Sinds kort heeft Gianny echter ook het fietsen ontdekt. Daarbij bedoel ik niet alleen als passagier, voorop of achterop, maar zelf fietsen. En op een oude fiets moet je het leren. Zo is de mening van zijn mamoe, die voor hem een tweedehands driewieler aanschafte. Gekocht op de Vrijmarkt. Op Koninginnedag.
En alle begin is moeilijk. Wat moet je nu met zo’n ding. Gianny vraagt het zich echt af. Hoe moet ik daarop vooruit komen. Moet ik daarmee steppen.
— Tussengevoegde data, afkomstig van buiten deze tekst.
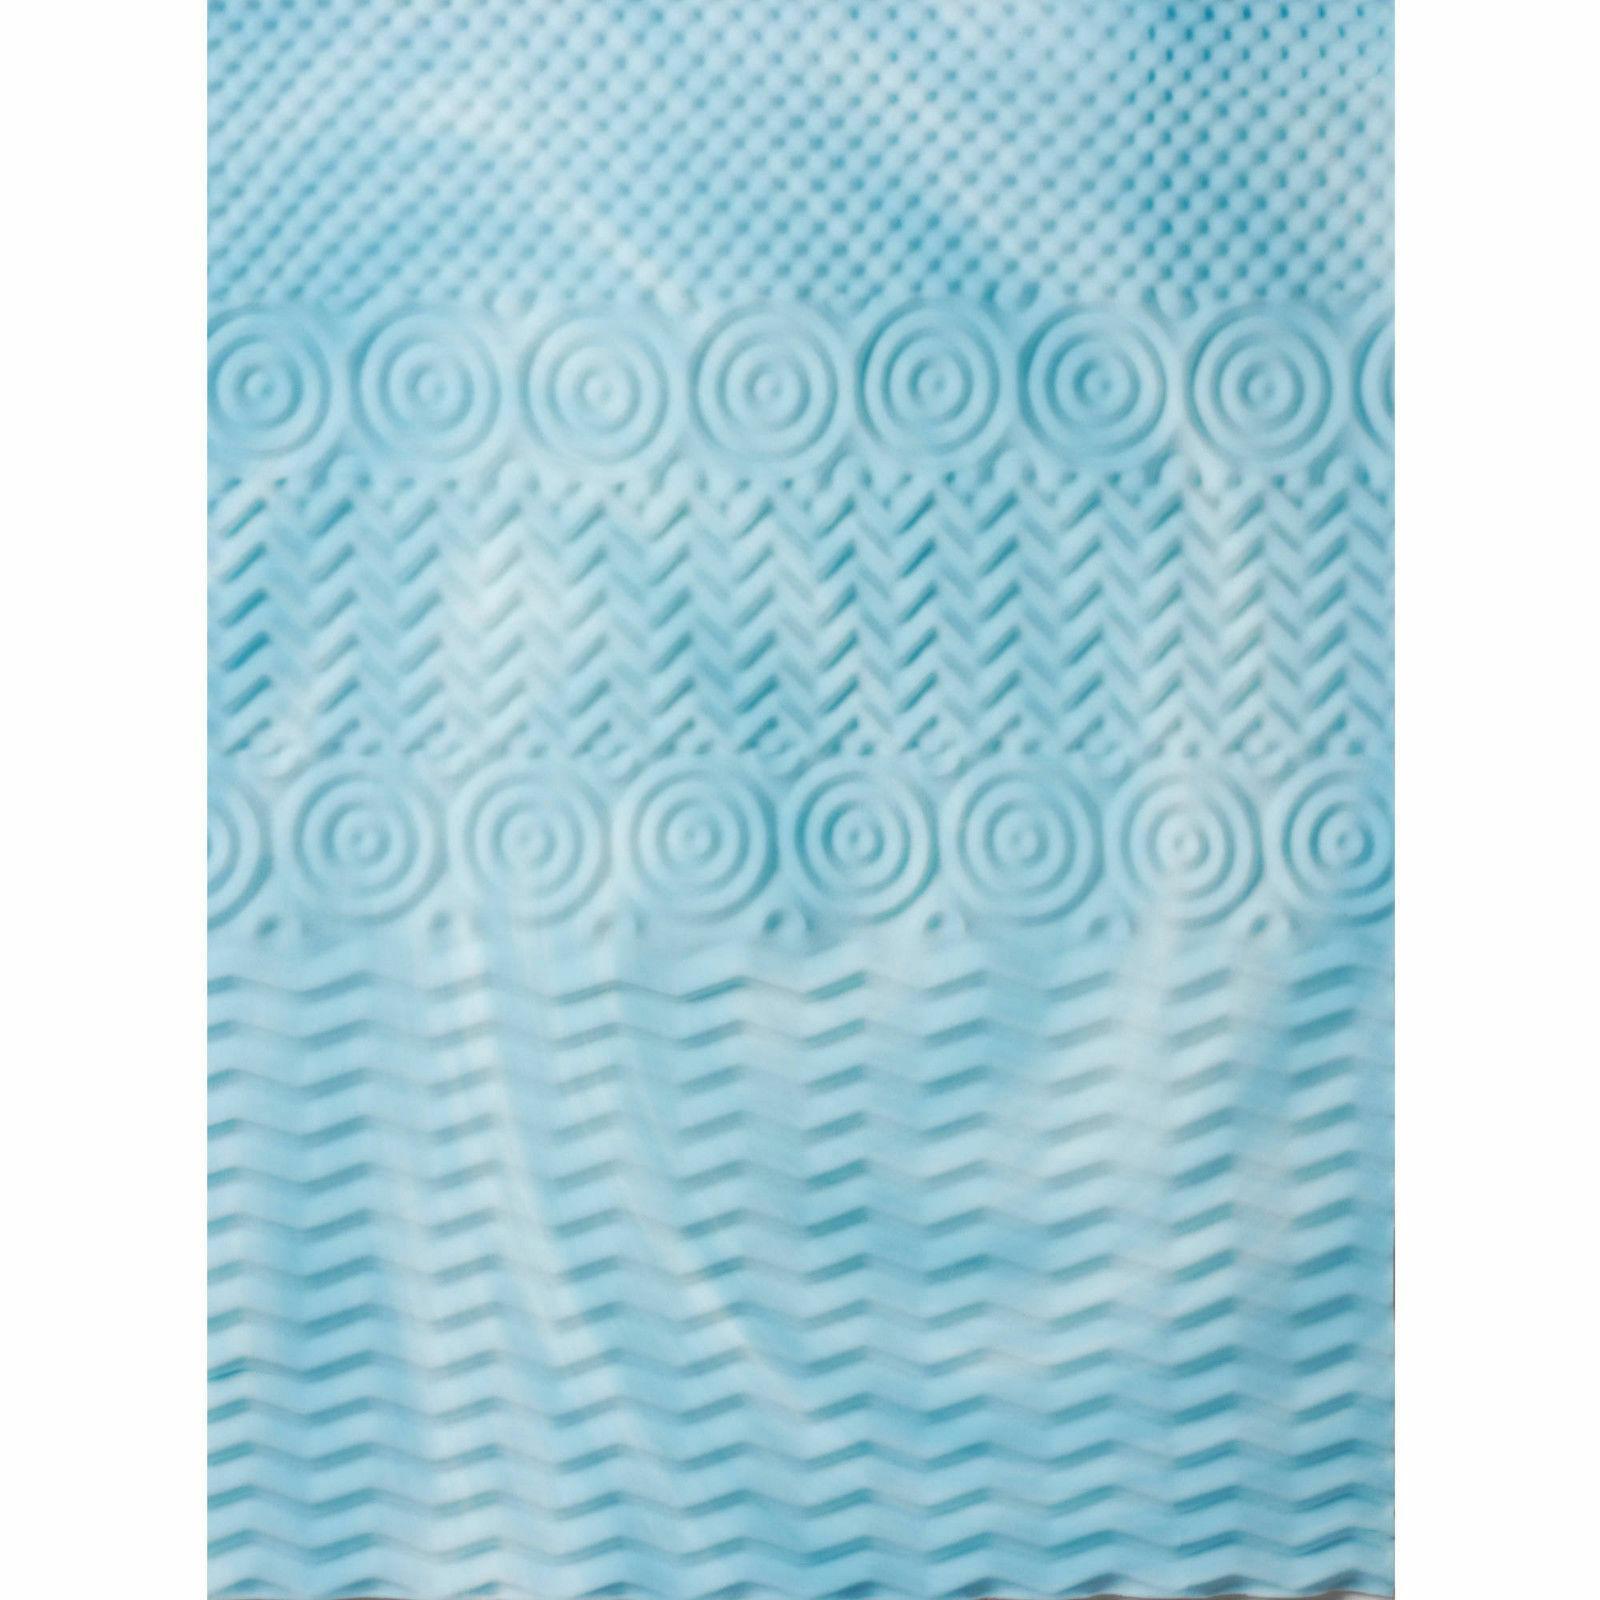 2 Inch Cooling Gel Foam Mattress Bed Cushion Zone Orthopedic

En, het is wel een beetje wankel, drie wielen. En dat stuur gaat ook al zo vreemd. Zo de berm in. Terug. Achteruit? Nee onderuit.
Die trappers? Moet ik daar mijn voeten opzetten? En dan? Trappen en sturen tegelijk?
Lastig hoor.
Het ene moment heeft hij een afwijking naar links en het volgende naar rechts. Het is net politiek, daar moet je ook (leren) laveren. Gianny belandt net zoals politici regelmatig in de berm en probeert achteruit te rijden (tuut, tuut, tuut). Nou, dat valt niet mee. Oppakken het hele handeltje en maar weer op de weg zetten. Leren fietsen, zoiets gaatmet vallen en opstaan.
Dan is rijden in een achttientonner toch een stuk eenvoudiger. Zeker als daar op de zijkant Van Maanen (wel familie?) op staat.Die Gianny toch, een echt Baasje.